> **DATA FOR THE TASK**:
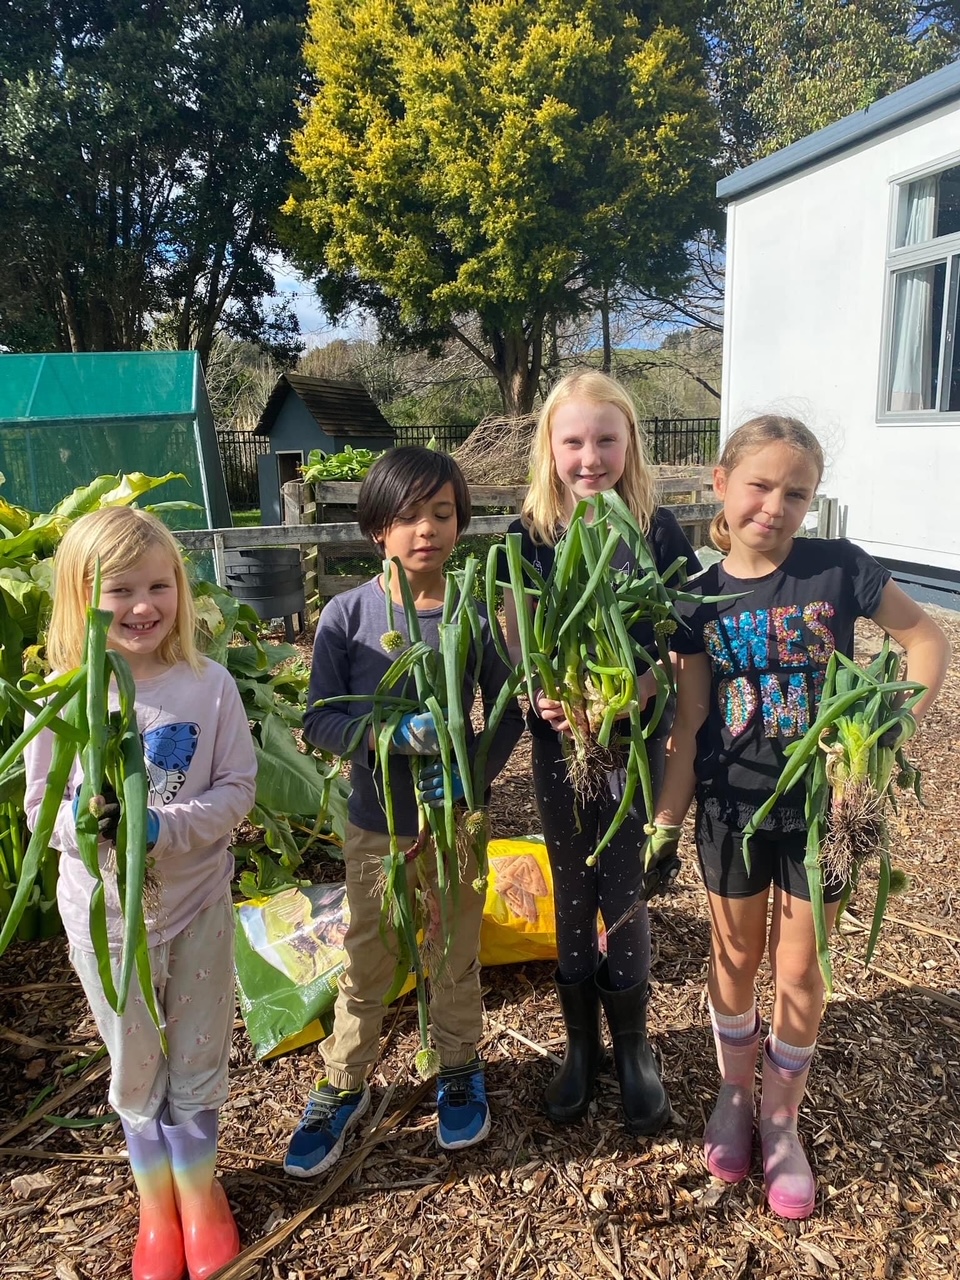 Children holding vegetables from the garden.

...

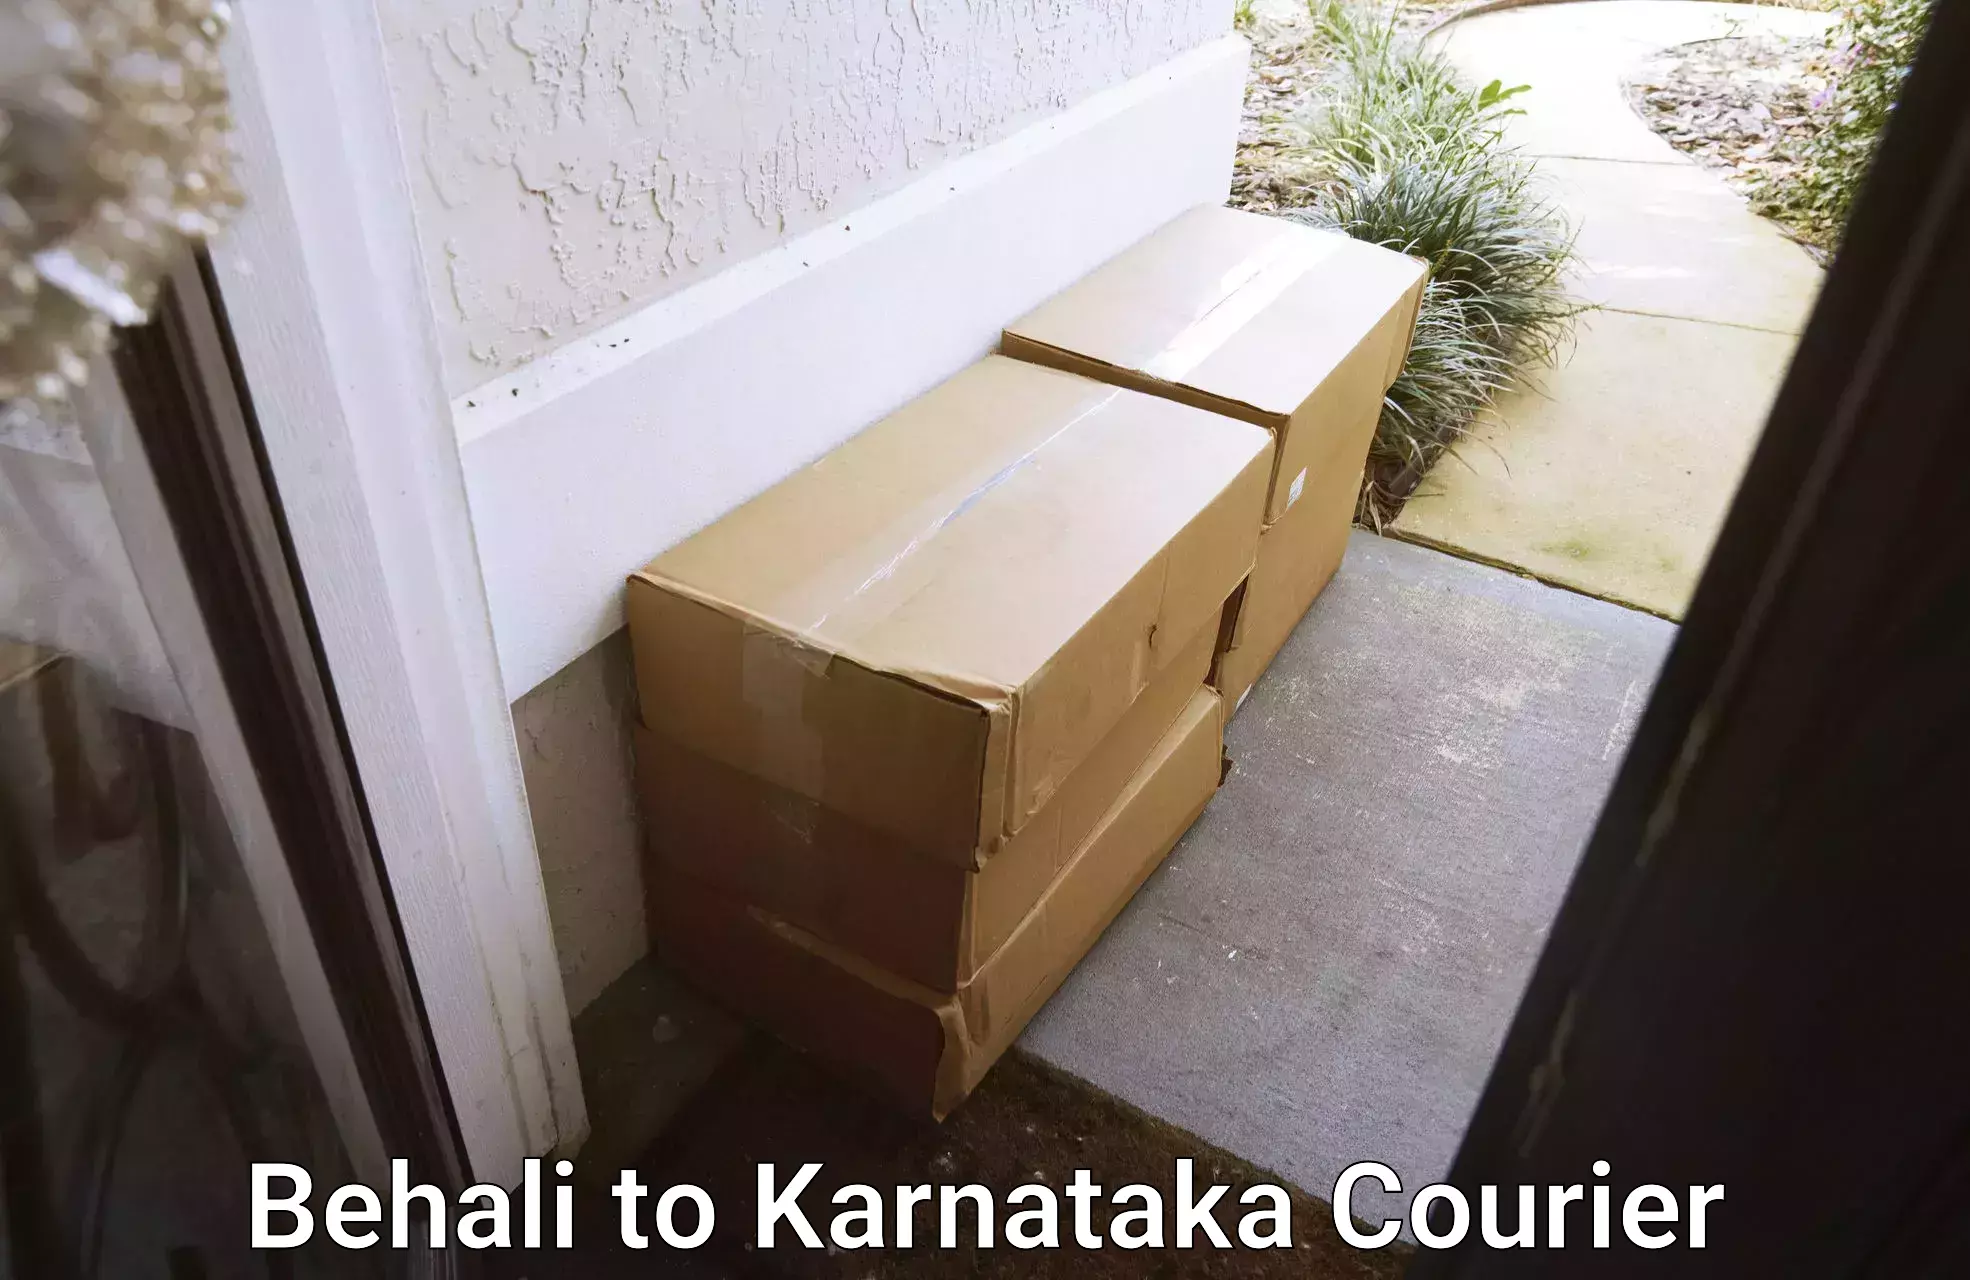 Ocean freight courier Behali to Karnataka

--

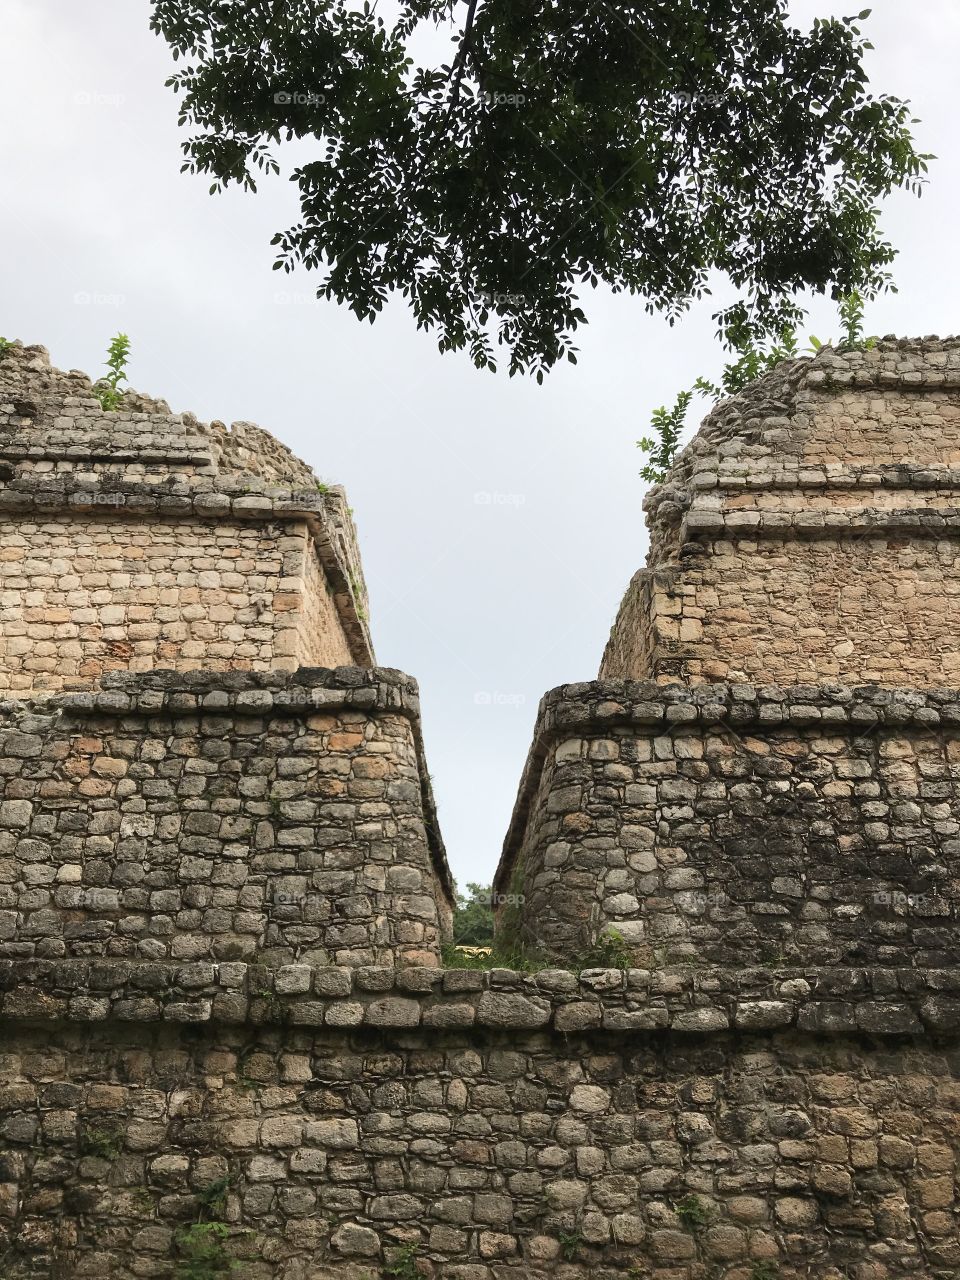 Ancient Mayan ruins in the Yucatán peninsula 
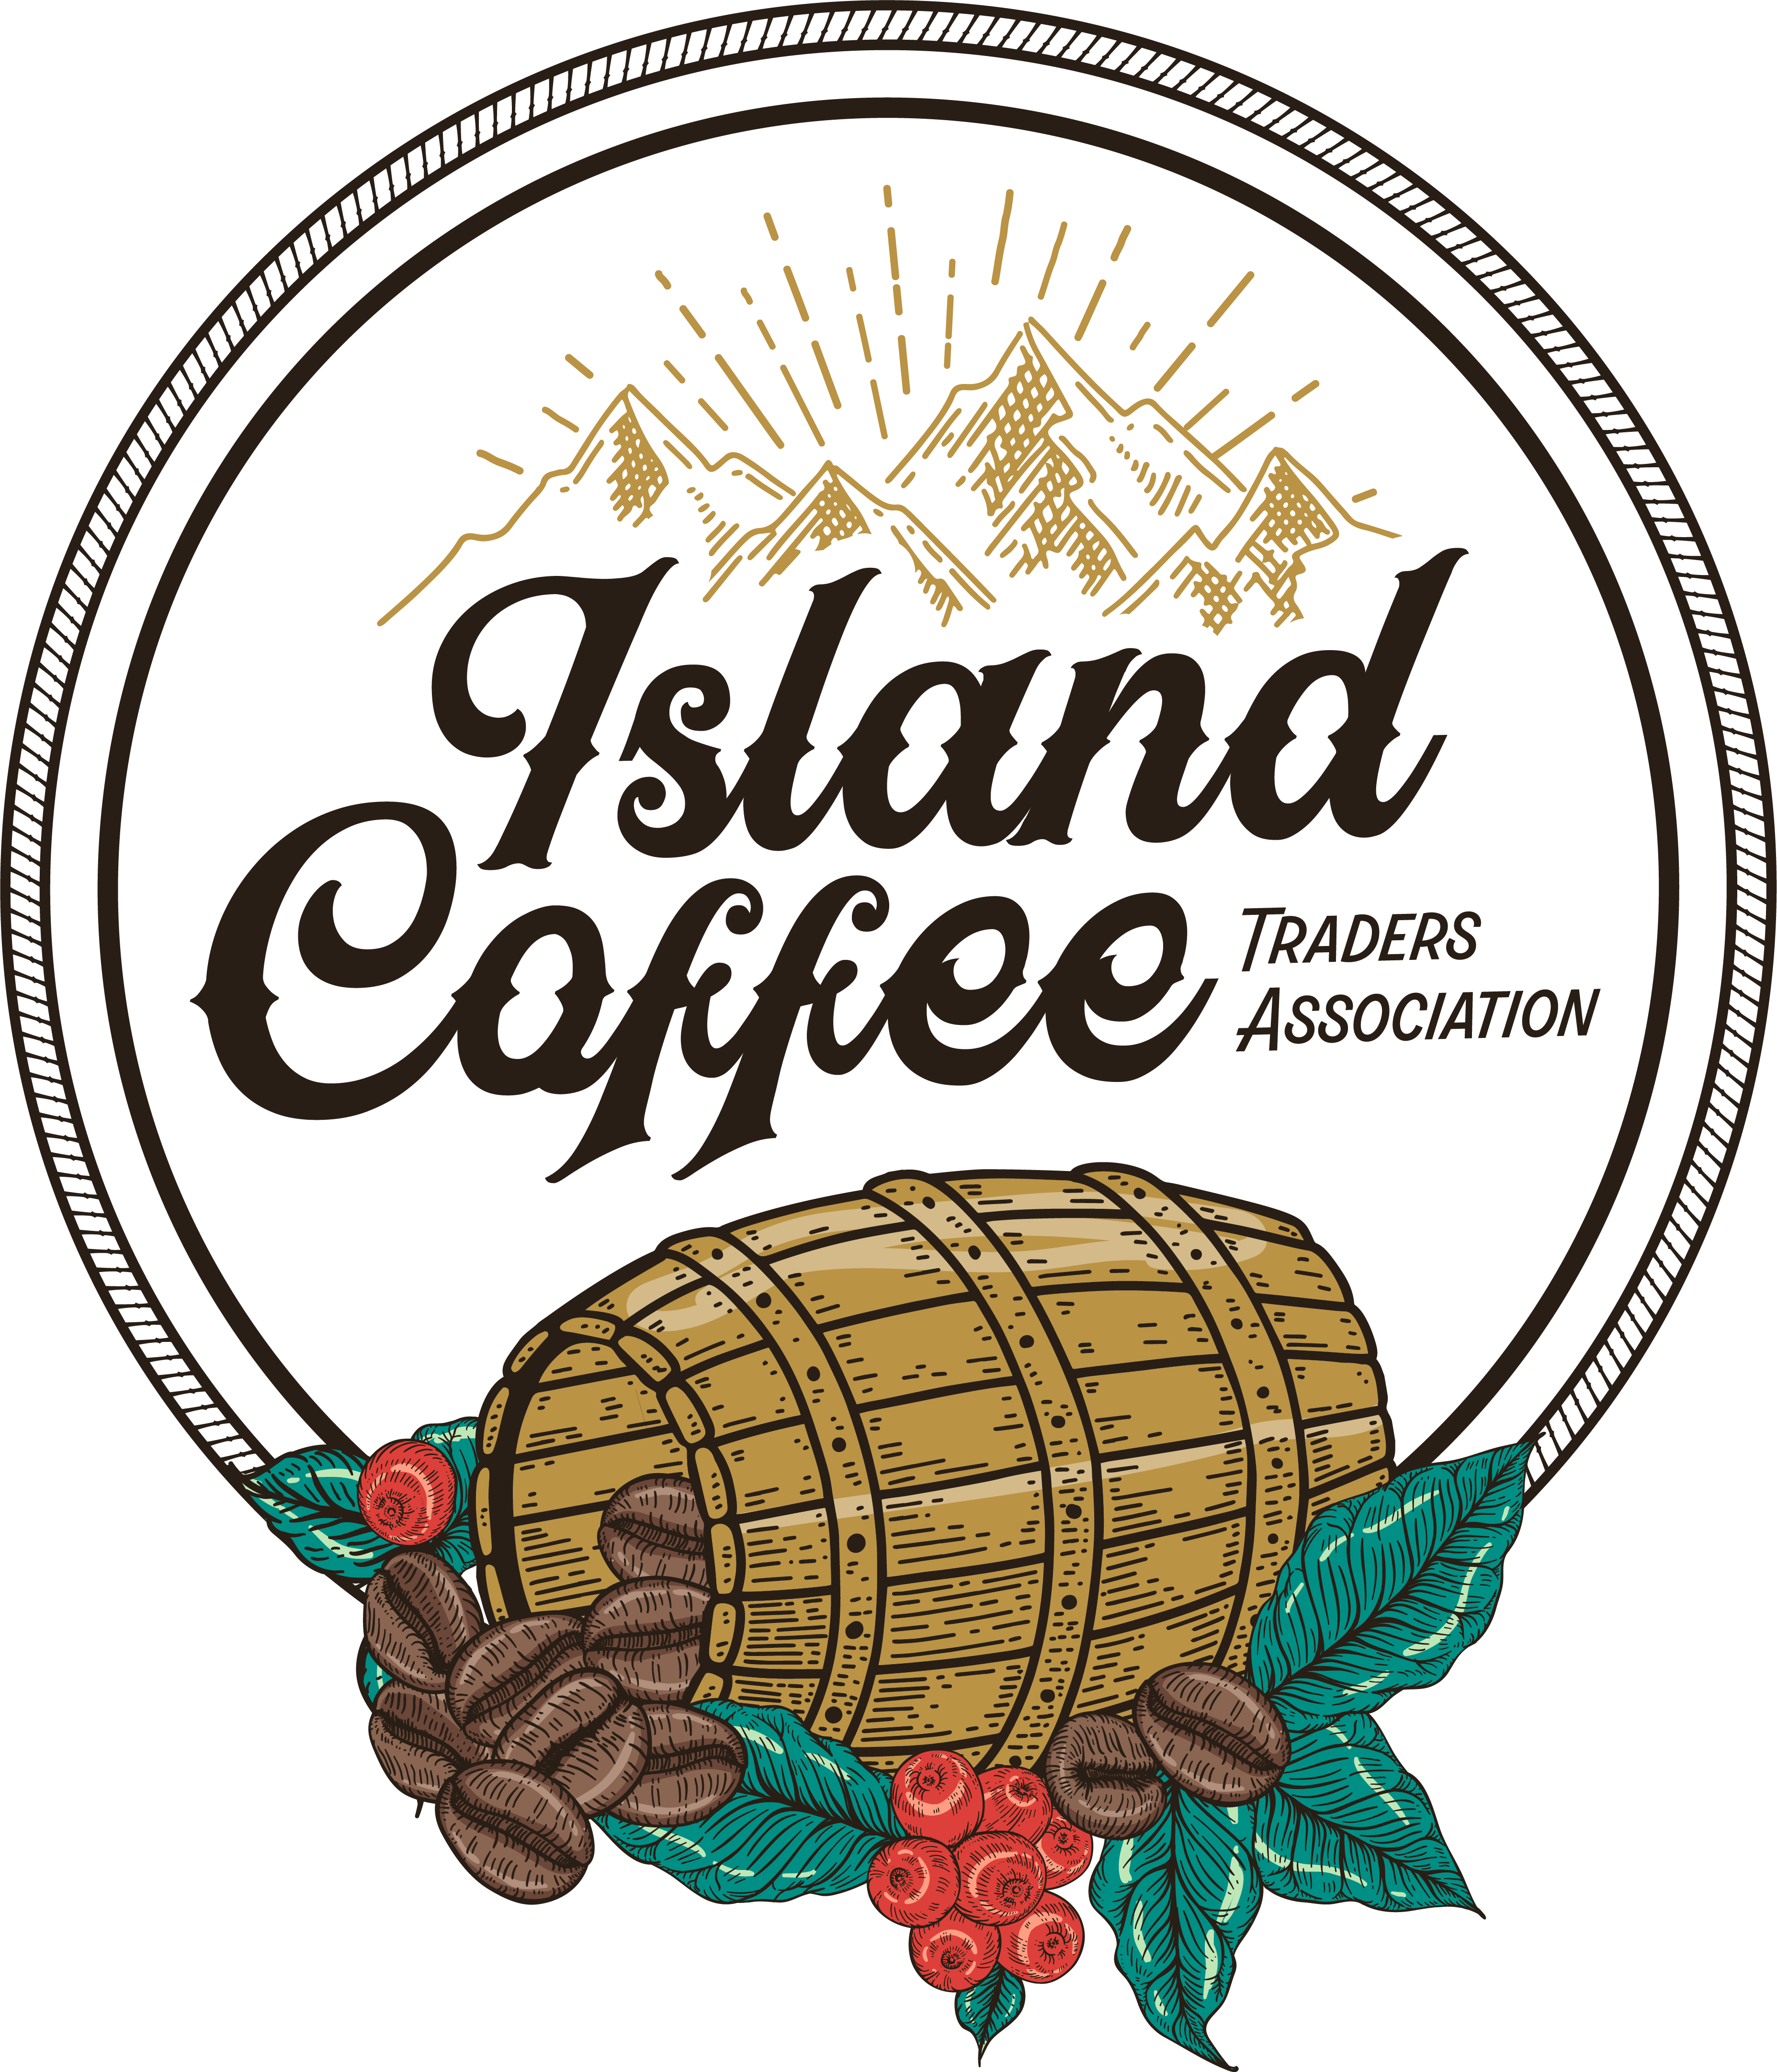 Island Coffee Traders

> **ACTIVITY**: The copy should hold exactly the lines above from the one with "Ancient Mayan ruins" through the one with "Island Coffee Traders", both ends counted, and no pictures at all.

> **ANSWER SECTION**:
 Ancient Mayan ruins in the Yucatán peninsula 
 Island Coffee Traders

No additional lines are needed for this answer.